## TO DO
Type the data below again exactly. Omit all pictures.
SUPPLIED DATA Block Start
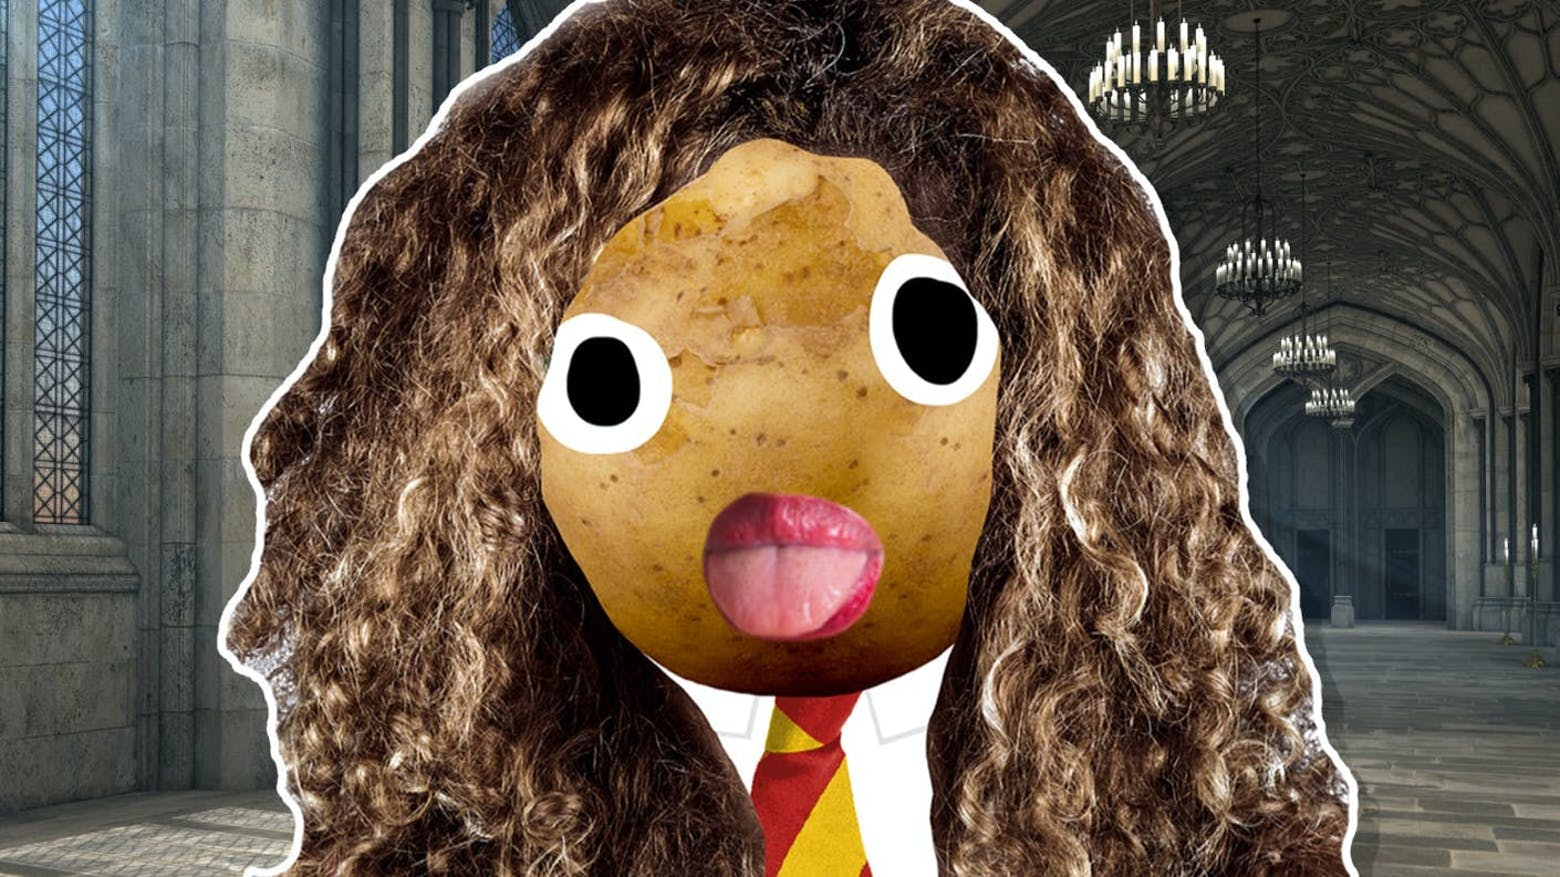 A potato-looking Hermione Granger in a scene from Harry Potter
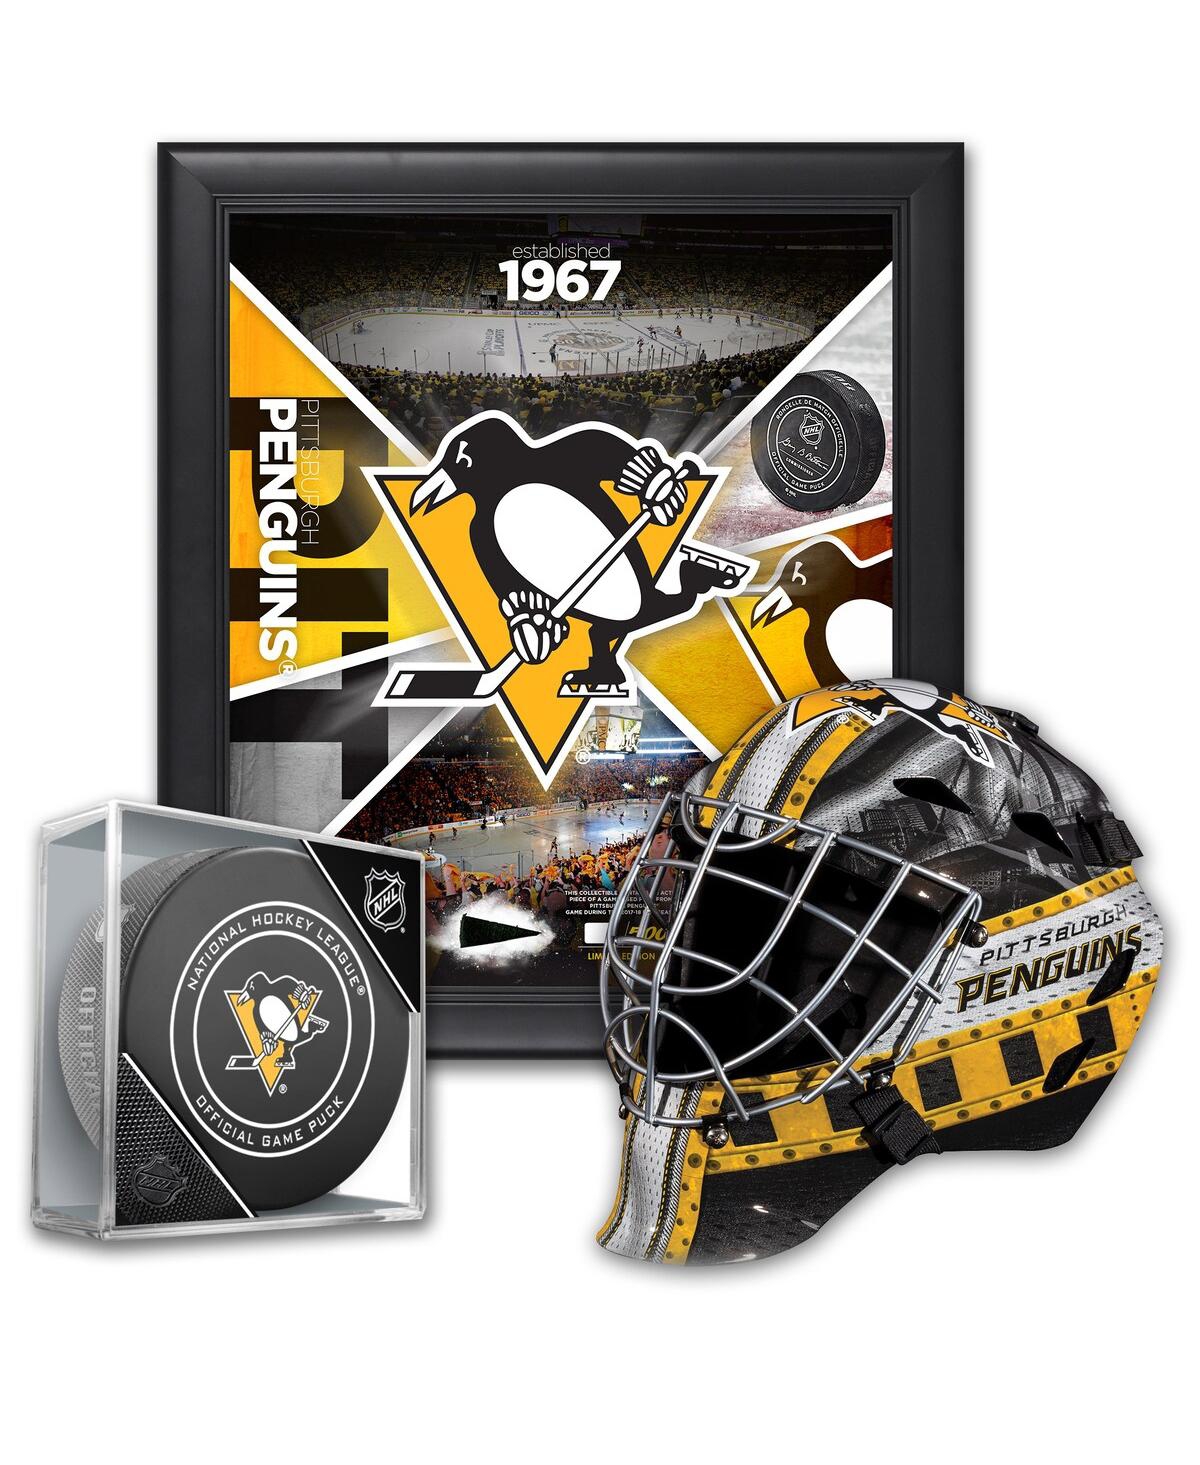 Pittsburgh Penguins Ultimate Fan Collectibles Bundle - Includes Team Impact 15" x 17" Frame Mini Goalie Mask and Official Game Puck - Multi
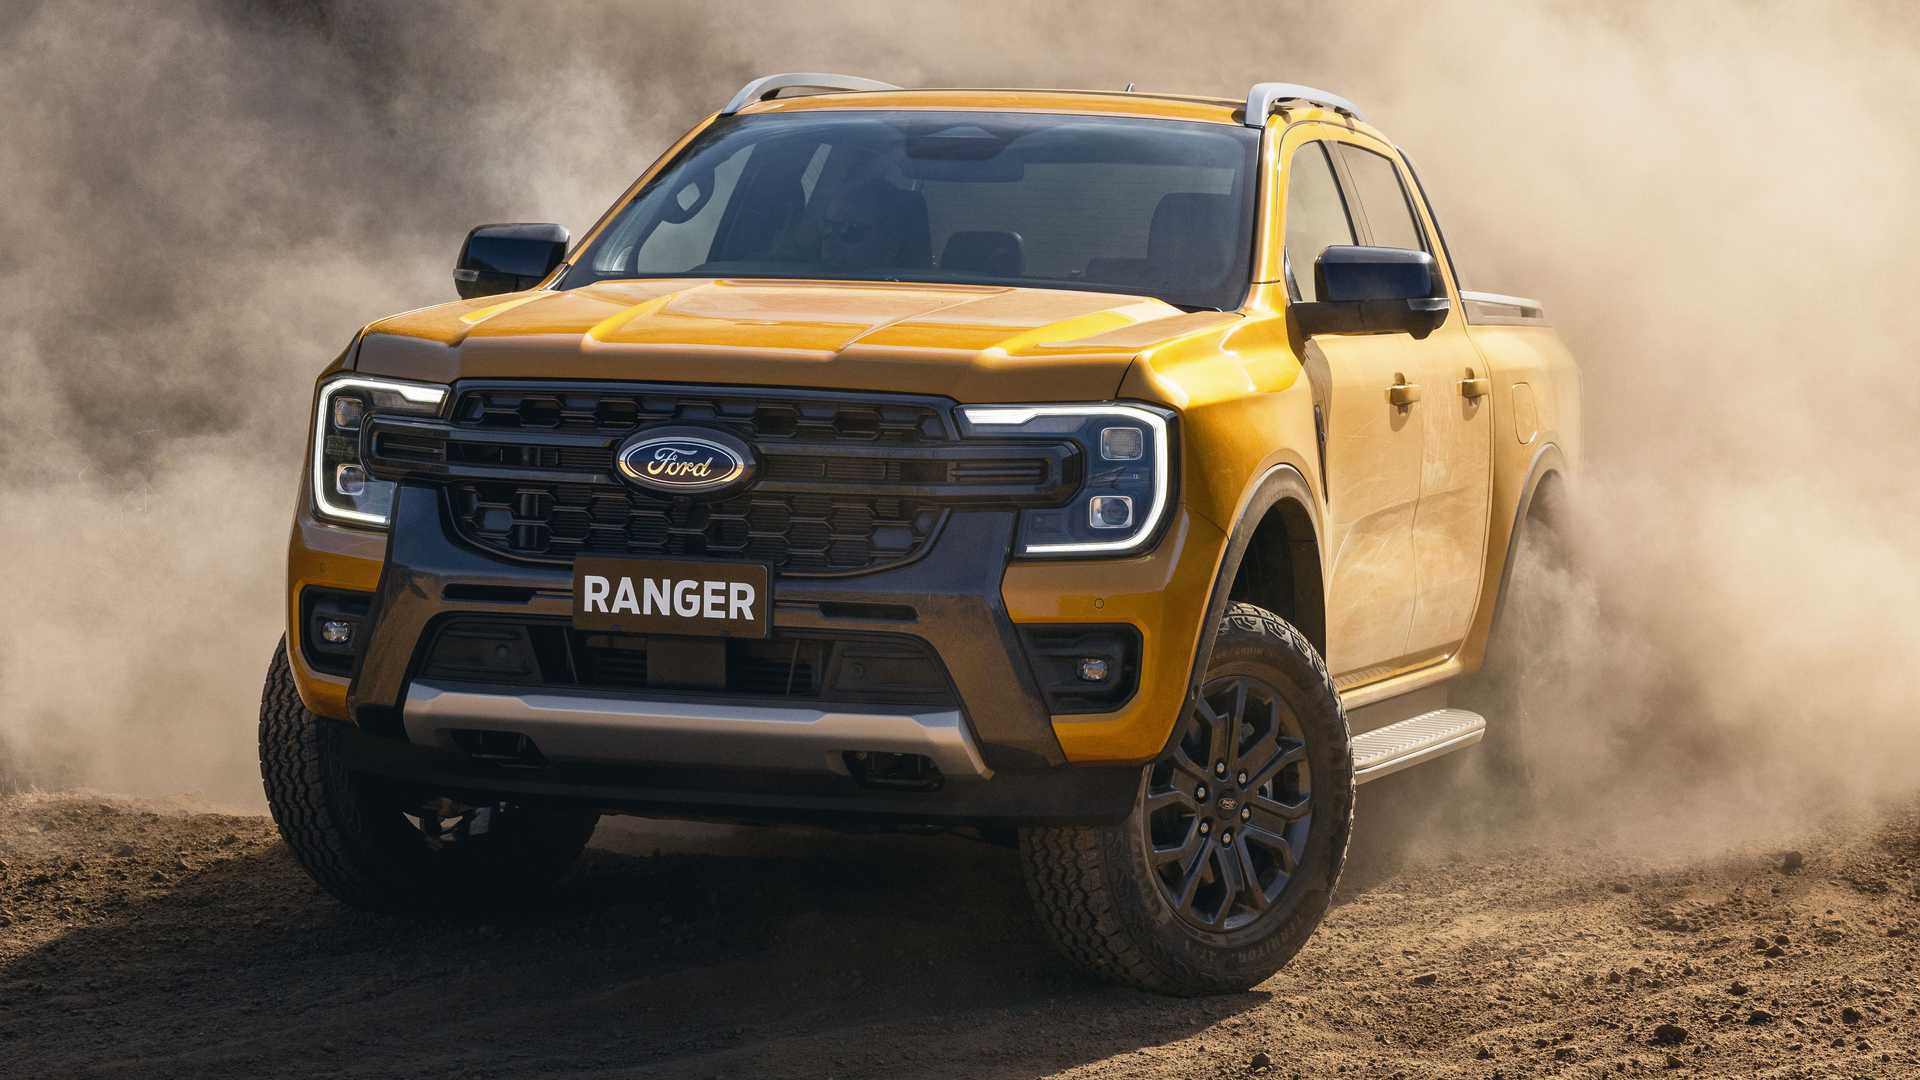 Ford Ranger Launched
SUPPLIED DATA Block End
## YOUR SOLUTION
 A potato-looking Hermione Granger in a scene from Harry Potter
 Pittsburgh Penguins Ultimate Fan Collectibles Bundle - Includes Team Impact 15" x 17" Frame Mini Goalie Mask and Official Game Puck - Multi
 Ford Ranger Launched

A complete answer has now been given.